На лестничную площадку выходили четыре двери. Отец позвонил в крайнюю слева, с бронзовым номерком «17», и долго ждал. Из квартиры не доносилось ни звука, но Данька был убежден, что в глазок кто-то смотрит, изучая гостей. Словно в оптический прицел. Ждать надоело, и он уставился на глазок с ненавистью.
– Кто там? – каркнули изнутри.
– Это Архангельский, – заорал в ответ отец, как если бы собеседник отгородился от него бронированной плитой, обитой звуконепроницаемым материалом «Ондуфон». Смешное название тыщу раз повторялось в рекламе и навязло в зубах. – Георгий Яковлевич дома?
За дверью поразмыслили и решили открыть.
– Нету его. – На пороге, загораживая проем, стояла монументальная, еще не старая бабища в халате и с бигудями. – А вам чего?
Наверное, Гадюкина жена, решил Данька.
– Я работал у Георгия Яковлевича… понимаете, мои документы… он обещал…
Отец говорил сбивчиво, долго, никак не решаясь подойти к сути дела. На наезд это походило слабо – скорее, на жалкую просьбу. Пожалуй, не окажись рядом сына, он сразу бы распрощался и убрался восвояси. Но присутствие Даньки требовало если не храбрости, то хотя бы видимости ее. Бабища жевала губы, кривилась, развязывала и по новой затягивала пояс цветастого халата. Спустя минуту она не выдержала, прервав монолог отца:
– Нету Гриши. Уехал.
– А сегодня вернется?
– Он мне не докладывает. Еще вопросы есть? У меня ванна набирается…
Вот эта ванна и добила Даньку. Чугунная ванна, в которую с хлюпаньем лилась горячая вода. Он отстранил растерянного отца, вышел вперед и в упор уставился на бабищу. Со зрением творились непонятки. Толстенная хозяйка квартиры номер семнадцать поехала назад, на подставке с роликами, как ложная стенка в тире, – дальше, дальше, еще дальше… Там, в подсвеченной дали, бабища превратилась в игрушку-мишень, наподобие сильно потасканной и раздавшейся «Шалуньи» с бантом.
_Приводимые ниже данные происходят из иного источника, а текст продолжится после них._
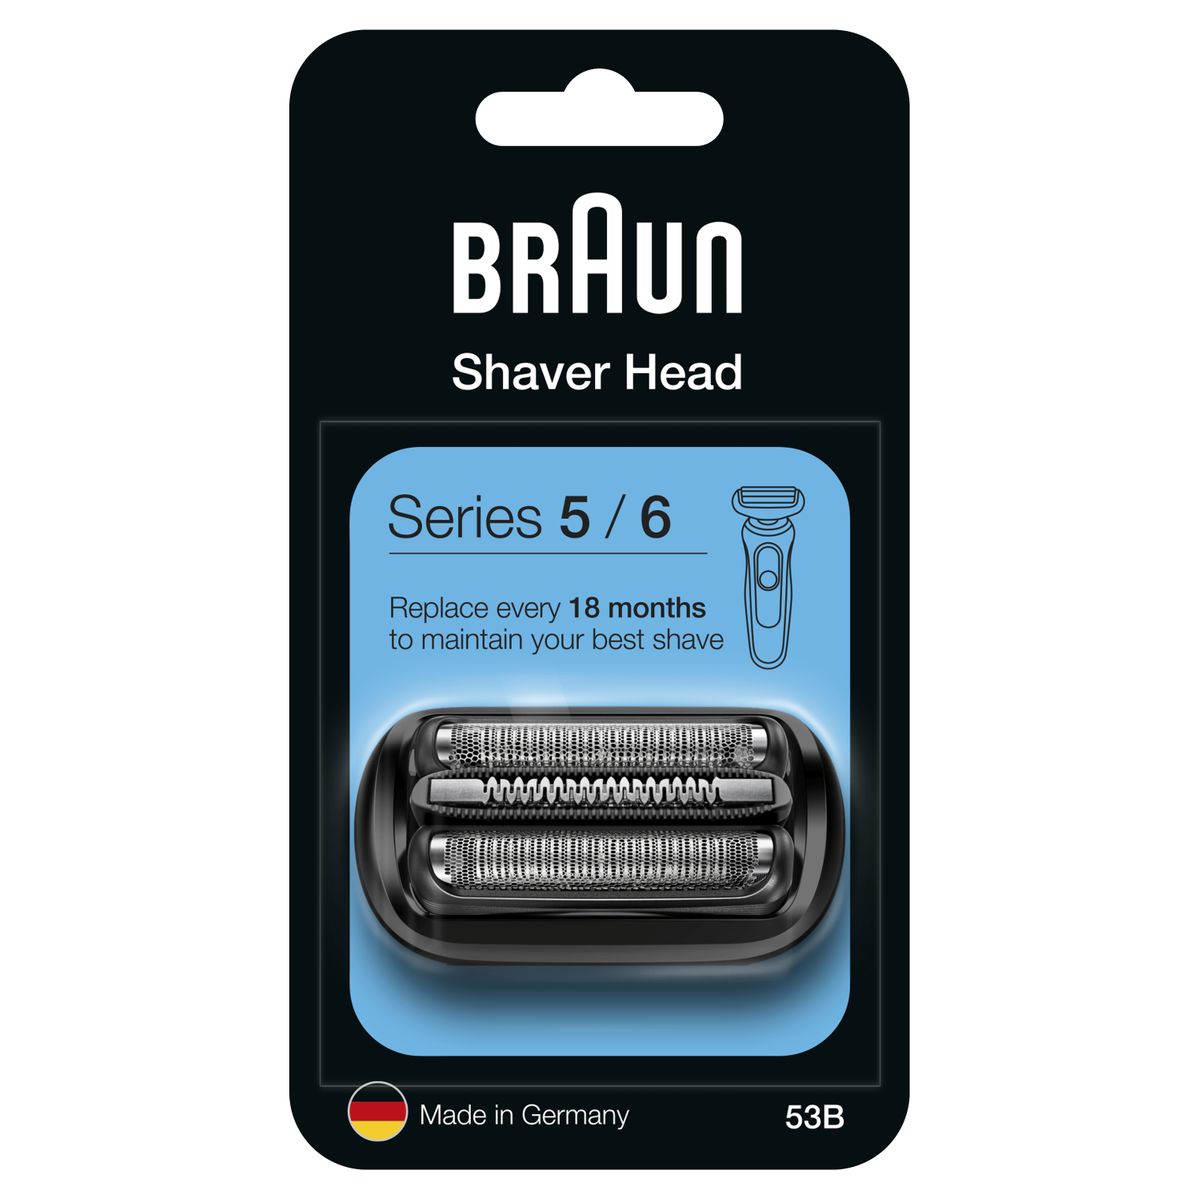 Braun Series 5 53B Electric Shaver Replacement Shaver Part, Compatible with Series 5 and Series 6 Shaver Models from 2020, Black

Еле слышно заиграла знакомая музыка: тягучая, нервная. Издалека шла усталая флейта, а вокруг приплясывали барабанчики, подгоняя. Тук-тук, ты-ли-тут? Мы идем, братец, мы рядом. Если хочешь, дождись, но потом не жалуйся.
Он не слышал этой музыки со времен монетки, упавшей в старушечью лапку.
– Я таких, как ты… – сообщил Данька далекой бабище, с ужасом понимая, что копирует интонации Жирного. – Знаешь, что я таких, как ты?..
Рядом с мишенью, украшенной смешными бигудями-крохотульками, возникли черные кружочки. Не один, как обычно, а пять-шесть, в два ряда. Данька плотно зажмурил левый глаз, правым всматриваясь в цели.
Со стороны могло показаться: стрелок выбирает, какие поразить в первую очередь.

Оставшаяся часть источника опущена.